Undoubtedly, the highlight of Bari is its castle, founded by Richard II in 1131.


Subsequently, Frederick II adapted it in 1233-39. In the vaulted hall is a collection of plastic casts of sculpture and architectural fragments from various Romanesque monuments in the region. By the end of the 1400s, it was renovated again, this time by the queen of Poland. And later, in the 1700s it was used as a prison.

We then set off to walk the streets of Bari, viewing several churches and basilicas, all with the capable and informative input of Elisabetta. We came across a large piazza, which was established in 9 A.D. and whose origins were Byzantine. At its inception, it was seeded with icons brought over from Cappadocia.

My aunt was quite comfortable being wheeled through the streets of this Italian wonderland by my duaghter.


And when the wheelchair wasn’t being wheeled, it was being carried high up the ancient stone steps.


The large, late 12th century Apulian-Romanesque Cathedral of San Sabino is based on neighboring San Nicola Basilica, with a dome and one surviving tower –the other one collapsed during an earthquake in 1613.


The Baroque portals on the entrance incorporate 12th century doorways. The interior has been restored to its medieval simplicity. There is a canopy over the high altar and the pulpit, and the Episcopal throne is a reconstruction from the fragments of the original 12th-century edifice. The crypt below the main floor of the church houses the remains of San Sabino, Bari’s patron saint.


(Note: There is a difference between a basilica and a cathedral. A cathedral houses the “cartha” which is a seat for a bishop or cardinal.
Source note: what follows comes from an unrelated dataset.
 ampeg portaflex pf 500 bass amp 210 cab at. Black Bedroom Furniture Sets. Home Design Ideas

A basilica, on the other hand, is a church. Thus, in each diocese, there can only be one Cathedral.)

Our next stop was the Basilica di San Nicola (or St. Nicholas). It is truly one of Puglia’s first great Norman churches, begun in 1087. It has a plain exterior with a tall gabled section flanked by towers.
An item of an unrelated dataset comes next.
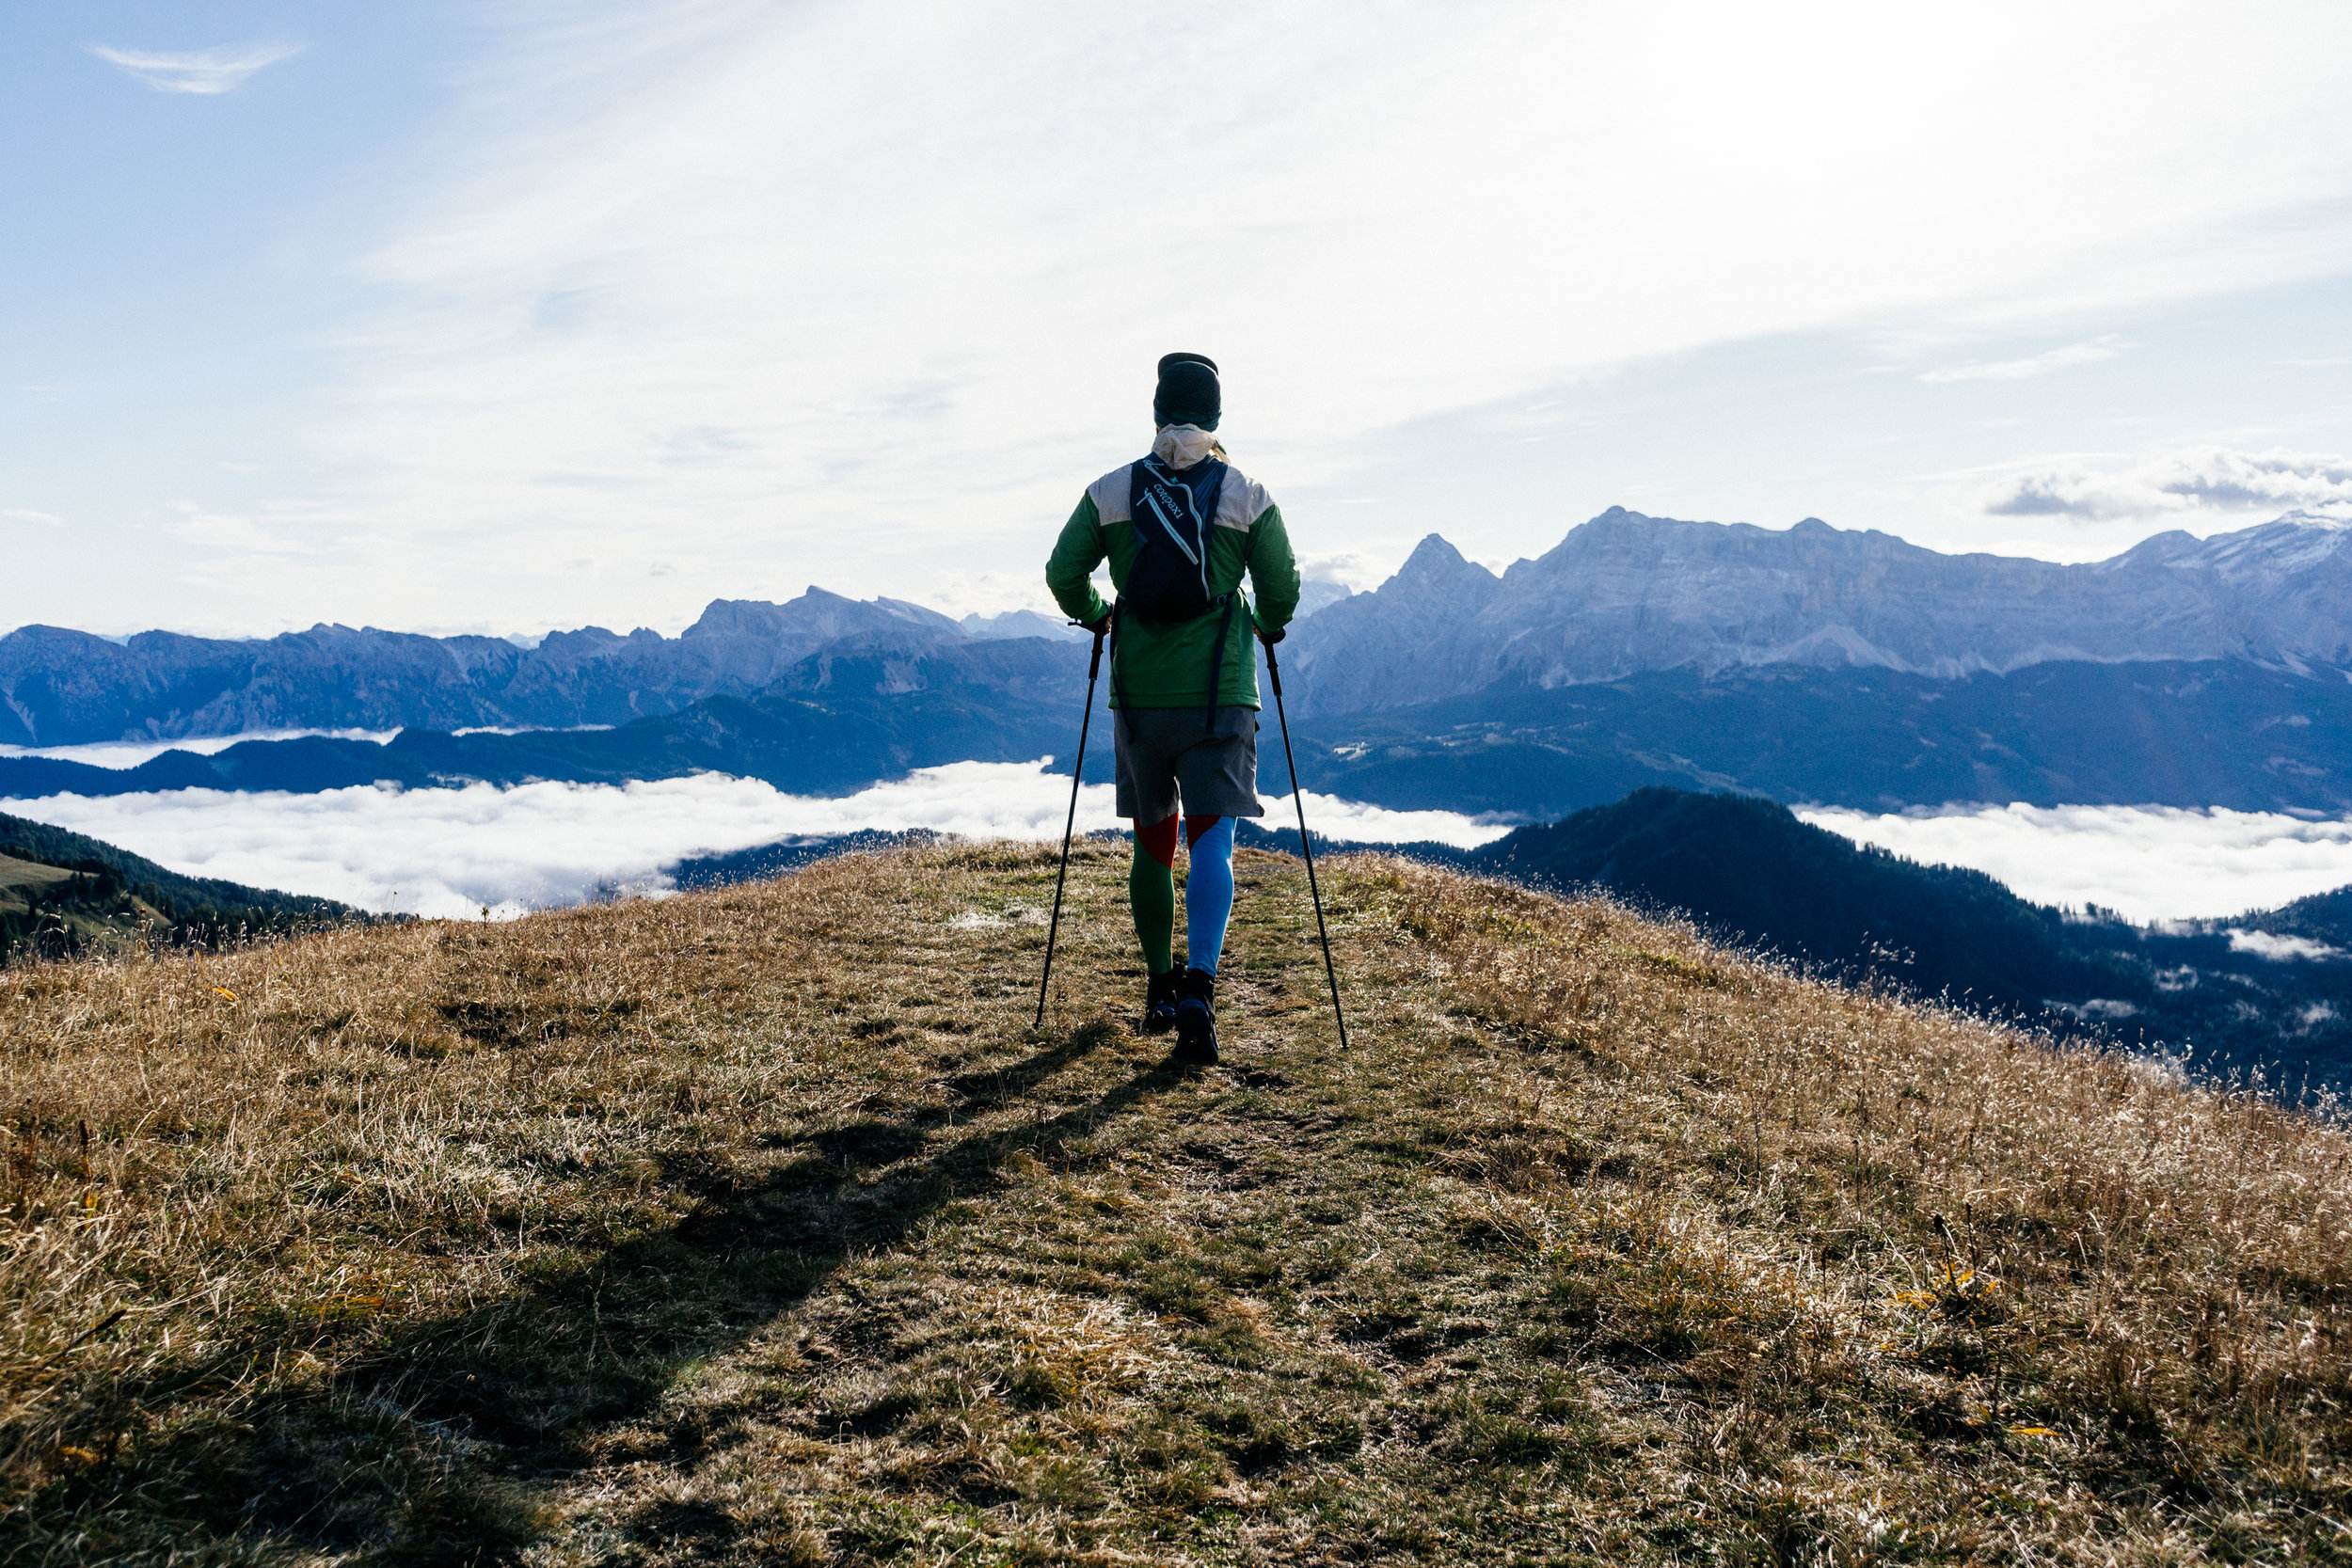 Dolomites-ChrisBrinleeJr-SEP17-113.jpg

We also heard the tale of St. Nicholas. He died in Turkey and was being prepared for burial there in 1011. As it happens, a boat of Italian sailors from Bari was in Turkey at the time to honor him. It was told that fluid was leaking out of his body and the fluid had been captured in a bottle that was kept in a church in Turkey. When the sellers went to visit the bottle, the bottle shook. The sailors took that as a sign that Saint Nicholas wanted to go with them back to Bari. During the night, they took the bottle and his remains, put them on the ship and sailed back to Bari.

In order to construct this magnificent Cathedral, the Duke who was the Byzantine governor at the time – 1087, gave the land to the people of Bari to build this Basilica. On the grounds at time were all the government buildings. Those buildings were torn down and their stones were used to build the new Basilica. As a result, because the stones were taken from different buildings, the Basilica is asymmetrical. For example, it is longer on one side than on the other.


Below the alter, there lies the human remains of St. Nickolas.  Once a year, they are removed and displayed.


While we were there, we were delighted to see a marriage being performed on the high altar.


Elizabeth next asked us to climb a flight of stairs that enabled us to walk around the outside of the city, with the ancient wall and beautiful homes on our right, and the Adriatic Sea on our left.


Upon leaving the cathedral, we meandered our way down to Mercantile Square, a piazza that was used to humiliate people in the past. Women who were unfaithful or men who were debtors, were strapped to this concrete pole in the middle of the town square where their neighbors hurled insults and rotten food at them.


On the other side of the square was the restaurant we had reserved over a month ago, La Locanda di Federico. There, we had an amazing lunch of orchietti with fresh tomatoes, olives, and pesto sauce as well as fusilli with clams and pesto and

We then enjoyed our return drive to Monopoli and the tender dock.


We bid arrivaderci to our guide.


Having arrived a bit early, we had a chance to relax in the tender tent where I was taken by some beautiful old and sea-weathered shutters.


Then, it was back to the ship for some well-deserved rest.